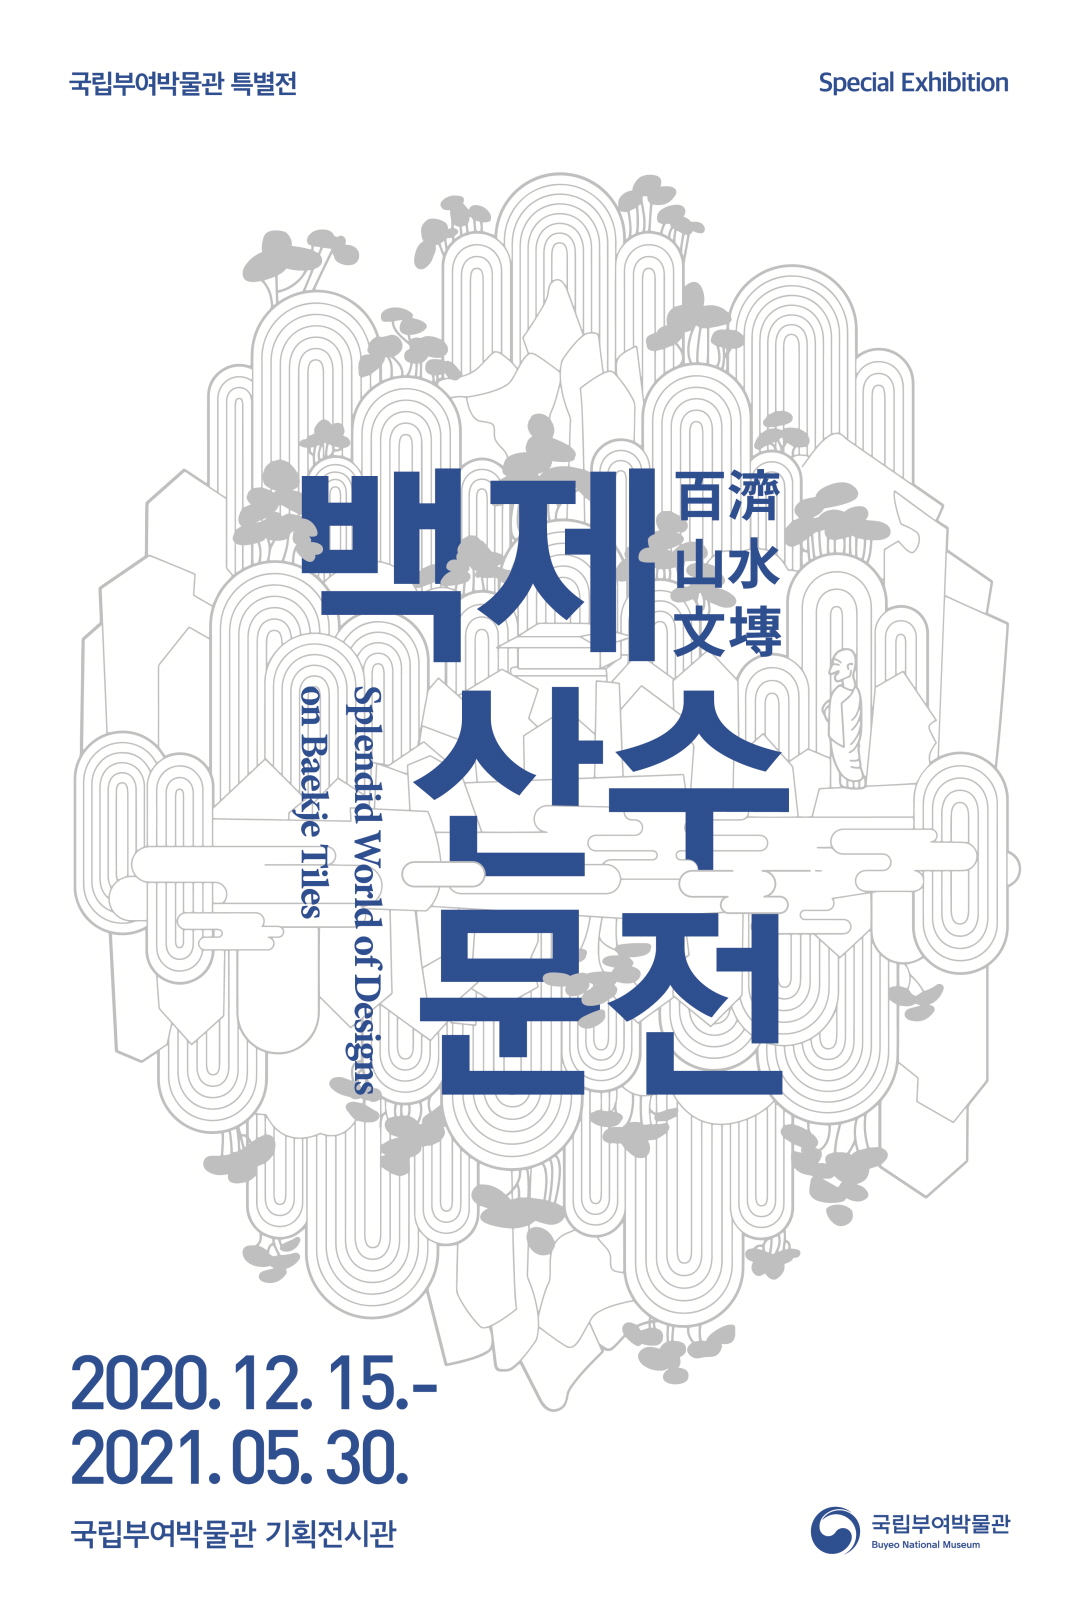 국립부여박물관 특별전
Special Exhibition
百濟山水文博
백제산수문전
Splendid World of Designs on Baekje Tiles
2020. 12. 15.- 2021.05.30.
국립부여박물관 기획전시관
국립부여박물관 Buyeo National Museum

**REQUIREMENT:** With the line that contains "Splendid World of Designs on Baekje Tiles" as the start, output every line through the end of the entries exactly. Add no other lines.

**EXPECTED OUTPUT:**
Splendid World of Designs on Baekje Tiles
2020. 12. 15.- 2021.05.30.
국립부여박물관 기획전시관
국립부여박물관 Buyeo National Museum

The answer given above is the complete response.